President Trump’s Dec. 18, 2017 "National Security Strategy" compares favorably with those of his immediate predecessors. Trump’s has "teeth," per J. Brodsky in The Hill (the hill.com) on the same day the president spoke.

While this post concurs with Brodsky, what happens when the American mouth barks, our teeth show, and we growl, yet the international community still fails to be deterred? Such a situation occurred when the U.N. General Assembly adopted a resolution on Dec. 21, rejecting the U.S. decision to recognize Jerusalem as Israel’s capital. Despite threats of U.S. funding cuts, 128 countries voted in favor and only nine voted against. Another 35 "brave" countries abstained.

U.S. Ambassador to the U.N. Niki Haley had warned in U.N. Security Council debate, "The United States will remember this day in which it was singled out for attack in the General Assembly for the very act of exercising our right as a sovereign nation.

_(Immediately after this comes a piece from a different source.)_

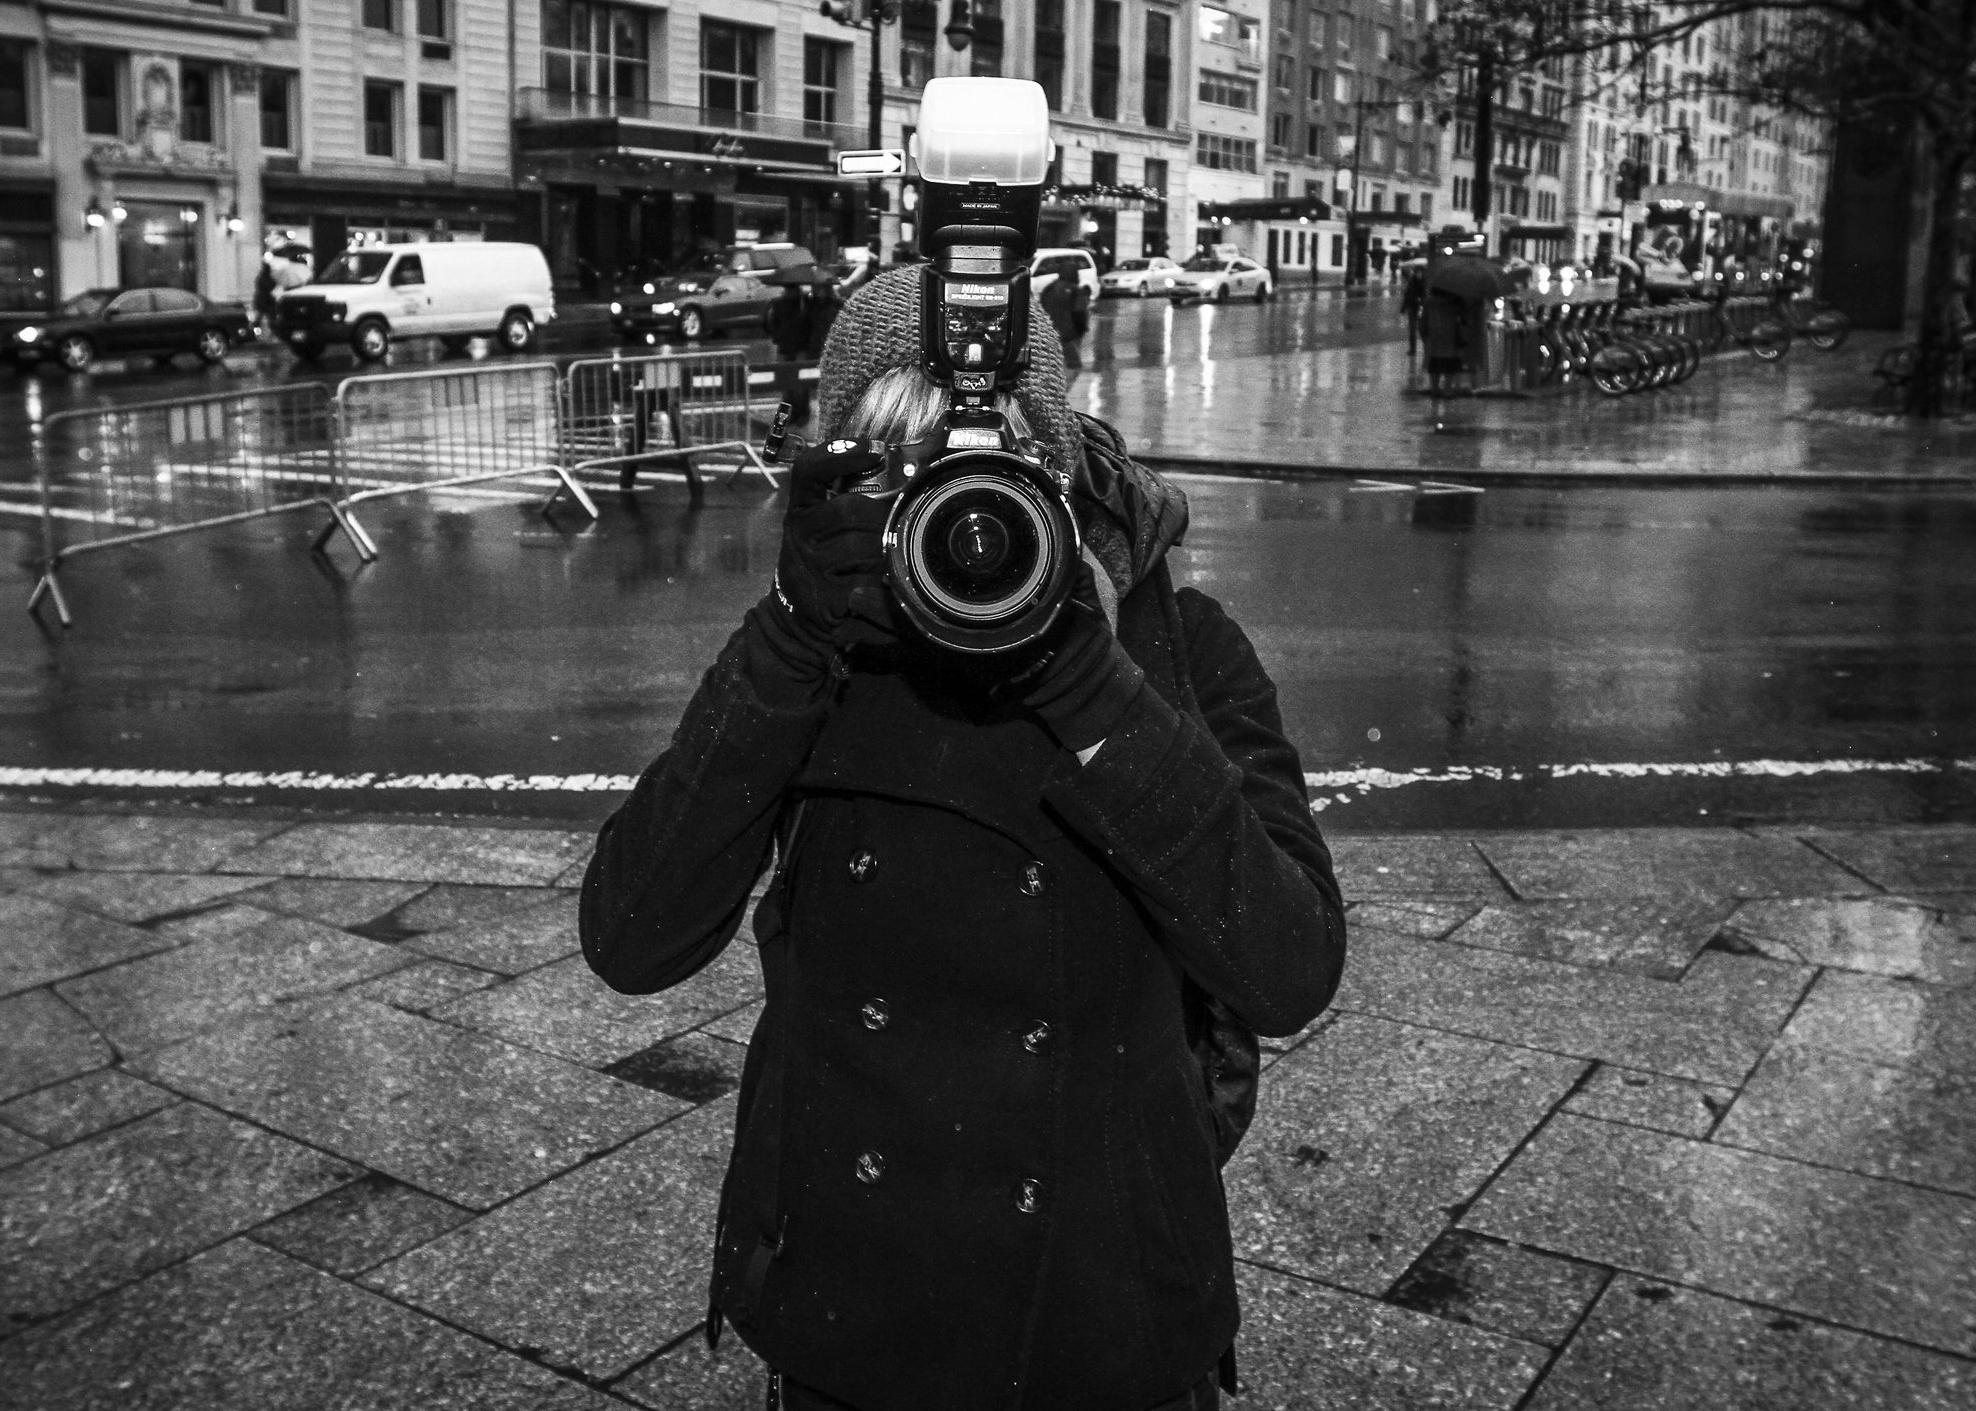 Nicola shooting in New York

"We will remember it when we are called upon to once again make the world’s largest contribution to the United Nations. And we will remember it when, so many countries come calling on us, as they so often do, to pay even more and to use our influence for their benefit."

Team Trump can’t punish virtually the entire world, including our main allies and friends, as well as countries receiving U.S. assistance, because we have our troops on the ground in 2016 and going into 2017. Those numbers are 8,400 in Afghanistan; 6,000 in Iraq.

We cannot discipline Afghanistan. Withdrawing assistance from the Afghan government, one of the largest recipients of U.S. aid ($5 billion), would make little sense, when we are fighting in the longest war in U.S. history, 2001 and counting. And what about Egypt ($1.2 billion), Jordan ($1.2 billion), or Iraq ($5.2 billion)? No! Not so fast!

Now, how does President Trump compare with his predecessors in meeting the legal obligation of the Goldwater-Nichols Defense Department Reorganization Act of Oct. 1, 1986?

Trump, Clinton, Bush, and Obama

Note the stark contrast between Trump’s America First doctrine of the Dec. 18, 2017 "National Security Strategy" (NSS) and NSS documents of prior U.S. presidents.

The first sentence Trump's NSS states, "The American people elected me to make America great again. I promised that my Administration would put the safety, interests, and well-being of our citizens first"

Now consider Bill Clinton’s two NSS documents— of 1994 and 2000.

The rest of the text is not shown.